Give back only the lines in the records below from the one with "Lululemon Wunder Under" to the one with "Winter Botanicals by", both inclusive, word for word.

—————

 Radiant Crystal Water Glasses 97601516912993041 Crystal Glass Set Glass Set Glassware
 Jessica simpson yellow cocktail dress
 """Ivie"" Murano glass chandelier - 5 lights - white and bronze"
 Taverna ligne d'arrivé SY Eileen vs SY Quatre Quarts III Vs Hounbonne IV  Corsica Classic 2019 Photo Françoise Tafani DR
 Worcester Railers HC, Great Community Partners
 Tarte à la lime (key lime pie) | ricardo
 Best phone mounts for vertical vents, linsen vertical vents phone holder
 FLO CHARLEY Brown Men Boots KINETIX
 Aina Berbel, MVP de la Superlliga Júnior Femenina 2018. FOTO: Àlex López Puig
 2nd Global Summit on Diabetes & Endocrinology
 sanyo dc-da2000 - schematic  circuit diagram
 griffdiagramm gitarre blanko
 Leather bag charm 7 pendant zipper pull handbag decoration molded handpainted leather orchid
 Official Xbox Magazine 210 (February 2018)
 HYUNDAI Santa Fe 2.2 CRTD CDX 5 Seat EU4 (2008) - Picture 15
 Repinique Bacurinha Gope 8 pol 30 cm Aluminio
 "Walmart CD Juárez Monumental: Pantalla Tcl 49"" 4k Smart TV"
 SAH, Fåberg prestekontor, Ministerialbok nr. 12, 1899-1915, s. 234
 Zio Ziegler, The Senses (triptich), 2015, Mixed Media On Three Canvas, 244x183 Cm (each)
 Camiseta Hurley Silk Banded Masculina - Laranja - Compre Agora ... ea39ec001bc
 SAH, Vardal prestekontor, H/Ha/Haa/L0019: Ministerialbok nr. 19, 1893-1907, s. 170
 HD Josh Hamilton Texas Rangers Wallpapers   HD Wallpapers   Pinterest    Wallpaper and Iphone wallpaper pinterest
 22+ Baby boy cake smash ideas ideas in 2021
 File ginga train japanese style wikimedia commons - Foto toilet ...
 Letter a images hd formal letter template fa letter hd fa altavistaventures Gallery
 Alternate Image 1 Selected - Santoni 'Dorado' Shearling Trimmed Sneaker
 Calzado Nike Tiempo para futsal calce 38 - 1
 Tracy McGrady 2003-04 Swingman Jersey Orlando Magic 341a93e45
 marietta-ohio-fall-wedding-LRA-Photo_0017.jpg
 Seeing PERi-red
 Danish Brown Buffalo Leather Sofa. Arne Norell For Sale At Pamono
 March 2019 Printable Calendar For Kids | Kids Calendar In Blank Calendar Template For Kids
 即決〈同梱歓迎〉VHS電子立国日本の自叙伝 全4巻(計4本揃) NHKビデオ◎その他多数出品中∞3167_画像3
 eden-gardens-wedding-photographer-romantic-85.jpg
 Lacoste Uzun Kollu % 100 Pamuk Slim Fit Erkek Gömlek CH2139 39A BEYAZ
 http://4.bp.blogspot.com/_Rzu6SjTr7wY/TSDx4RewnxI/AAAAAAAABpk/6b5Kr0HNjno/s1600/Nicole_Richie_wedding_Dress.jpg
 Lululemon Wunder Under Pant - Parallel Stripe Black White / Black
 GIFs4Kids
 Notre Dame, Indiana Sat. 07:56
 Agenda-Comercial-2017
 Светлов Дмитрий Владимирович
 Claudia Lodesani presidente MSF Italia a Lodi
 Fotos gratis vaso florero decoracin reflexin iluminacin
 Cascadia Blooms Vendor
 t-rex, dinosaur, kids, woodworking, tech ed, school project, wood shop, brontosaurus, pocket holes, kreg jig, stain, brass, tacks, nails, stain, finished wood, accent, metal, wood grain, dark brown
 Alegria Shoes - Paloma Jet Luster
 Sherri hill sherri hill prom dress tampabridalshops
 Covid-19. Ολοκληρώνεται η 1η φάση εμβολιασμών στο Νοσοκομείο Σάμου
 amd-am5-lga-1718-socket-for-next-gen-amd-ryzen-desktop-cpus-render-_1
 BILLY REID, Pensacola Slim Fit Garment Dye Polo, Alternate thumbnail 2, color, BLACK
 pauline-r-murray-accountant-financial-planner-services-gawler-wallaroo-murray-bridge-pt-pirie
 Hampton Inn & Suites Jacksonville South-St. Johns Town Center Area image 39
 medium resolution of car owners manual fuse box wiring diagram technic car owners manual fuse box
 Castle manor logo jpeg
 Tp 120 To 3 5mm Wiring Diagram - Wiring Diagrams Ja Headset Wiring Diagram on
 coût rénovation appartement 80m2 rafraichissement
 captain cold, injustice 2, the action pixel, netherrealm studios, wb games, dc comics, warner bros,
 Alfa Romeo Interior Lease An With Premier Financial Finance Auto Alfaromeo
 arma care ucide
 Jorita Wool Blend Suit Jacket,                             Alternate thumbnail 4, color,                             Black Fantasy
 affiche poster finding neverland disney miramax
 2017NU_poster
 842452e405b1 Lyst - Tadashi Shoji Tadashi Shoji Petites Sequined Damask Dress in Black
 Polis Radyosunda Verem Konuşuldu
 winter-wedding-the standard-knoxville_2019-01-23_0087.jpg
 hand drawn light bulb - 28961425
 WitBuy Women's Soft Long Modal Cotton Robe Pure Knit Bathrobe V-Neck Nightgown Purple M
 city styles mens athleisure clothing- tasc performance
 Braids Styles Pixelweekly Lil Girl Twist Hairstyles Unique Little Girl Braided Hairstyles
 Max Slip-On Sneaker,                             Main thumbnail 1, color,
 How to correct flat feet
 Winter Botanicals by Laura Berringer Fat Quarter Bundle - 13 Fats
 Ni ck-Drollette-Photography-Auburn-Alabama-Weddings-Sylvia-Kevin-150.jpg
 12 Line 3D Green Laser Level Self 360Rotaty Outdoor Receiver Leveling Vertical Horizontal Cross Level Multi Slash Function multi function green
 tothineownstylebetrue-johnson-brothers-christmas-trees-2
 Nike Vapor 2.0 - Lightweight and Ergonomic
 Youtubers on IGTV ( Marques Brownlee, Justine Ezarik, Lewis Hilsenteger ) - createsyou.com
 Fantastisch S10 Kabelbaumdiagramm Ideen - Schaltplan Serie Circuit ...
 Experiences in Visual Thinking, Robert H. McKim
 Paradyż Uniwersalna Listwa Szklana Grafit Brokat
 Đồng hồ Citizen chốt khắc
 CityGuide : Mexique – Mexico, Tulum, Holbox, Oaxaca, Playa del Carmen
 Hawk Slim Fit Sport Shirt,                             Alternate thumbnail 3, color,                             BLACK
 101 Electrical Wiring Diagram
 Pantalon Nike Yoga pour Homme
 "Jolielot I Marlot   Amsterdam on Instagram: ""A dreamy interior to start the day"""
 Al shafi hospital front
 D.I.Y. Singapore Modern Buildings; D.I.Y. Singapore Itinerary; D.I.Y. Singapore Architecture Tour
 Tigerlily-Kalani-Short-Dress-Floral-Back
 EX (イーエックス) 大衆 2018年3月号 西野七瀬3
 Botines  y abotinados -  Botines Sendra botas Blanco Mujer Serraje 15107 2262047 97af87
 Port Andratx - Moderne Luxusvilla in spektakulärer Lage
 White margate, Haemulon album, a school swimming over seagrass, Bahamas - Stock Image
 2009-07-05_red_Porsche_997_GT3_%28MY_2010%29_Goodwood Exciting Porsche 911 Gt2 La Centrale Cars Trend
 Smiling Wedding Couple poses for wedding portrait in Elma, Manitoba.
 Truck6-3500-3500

—————

**EXERCISE SOLUTION**
 Lululemon Wunder Under Pant - Parallel Stripe Black White / Black
 GIFs4Kids
 Notre Dame, Indiana Sat. 07:56
 Agenda-Comercial-2017
 Светлов Дмитрий Владимирович
 Claudia Lodesani presidente MSF Italia a Lodi
 Fotos gratis vaso florero decoracin reflexin iluminacin
 Cascadia Blooms Vendor
 t-rex, dinosaur, kids, woodworking, tech ed, school project, wood shop, brontosaurus, pocket holes, kreg jig, stain, brass, tacks, nails, stain, finished wood, accent, metal, wood grain, dark brown
 Alegria Shoes - Paloma Jet Luster
 Sherri hill sherri hill prom dress tampabridalshops
 Covid-19. Ολοκληρώνεται η 1η φάση εμβολιασμών στο Νοσοκομείο Σάμου
 amd-am5-lga-1718-socket-for-next-gen-amd-ryzen-desktop-cpus-render-_1
 BILLY REID, Pensacola Slim Fit Garment Dye Polo, Alternate thumbnail 2, color, BLACK
 pauline-r-murray-accountant-financial-planner-services-gawler-wallaroo-murray-bridge-pt-pirie
 Hampton Inn & Suites Jacksonville South-St. Johns Town Center Area image 39
 medium resolution of car owners manual fuse box wiring diagram technic car owners manual fuse box
 Castle manor logo jpeg
 Tp 120 To 3 5mm Wiring Diagram - Wiring Diagrams Ja Headset Wiring Diagram on
 coût rénovation appartement 80m2 rafraichissement
 captain cold, injustice 2, the action pixel, netherrealm studios, wb games, dc comics, warner bros,
 Alfa Romeo Interior Lease An With Premier Financial Finance Auto Alfaromeo
 arma care ucide
 Jorita Wool Blend Suit Jacket,                             Alternate thumbnail 4, color,                             Black Fantasy
 affiche poster finding neverland disney miramax
 2017NU_poster
 842452e405b1 Lyst - Tadashi Shoji Tadashi Shoji Petites Sequined Damask Dress in Black
 Polis Radyosunda Verem Konuşuldu
 winter-wedding-the standard-knoxville_2019-01-23_0087.jpg
 hand drawn light bulb - 28961425
 WitBuy Women's Soft Long Modal Cotton Robe Pure Knit Bathrobe V-Neck Nightgown Purple M
 city styles mens athleisure clothing- tasc performance
 Braids Styles Pixelweekly Lil Girl Twist Hairstyles Unique Little Girl Braided Hairstyles
 Max Slip-On Sneaker,                             Main thumbnail 1, color,
 How to correct flat feet
 Winter Botanicals by Laura Berringer Fat Quarter Bundle - 13 Fats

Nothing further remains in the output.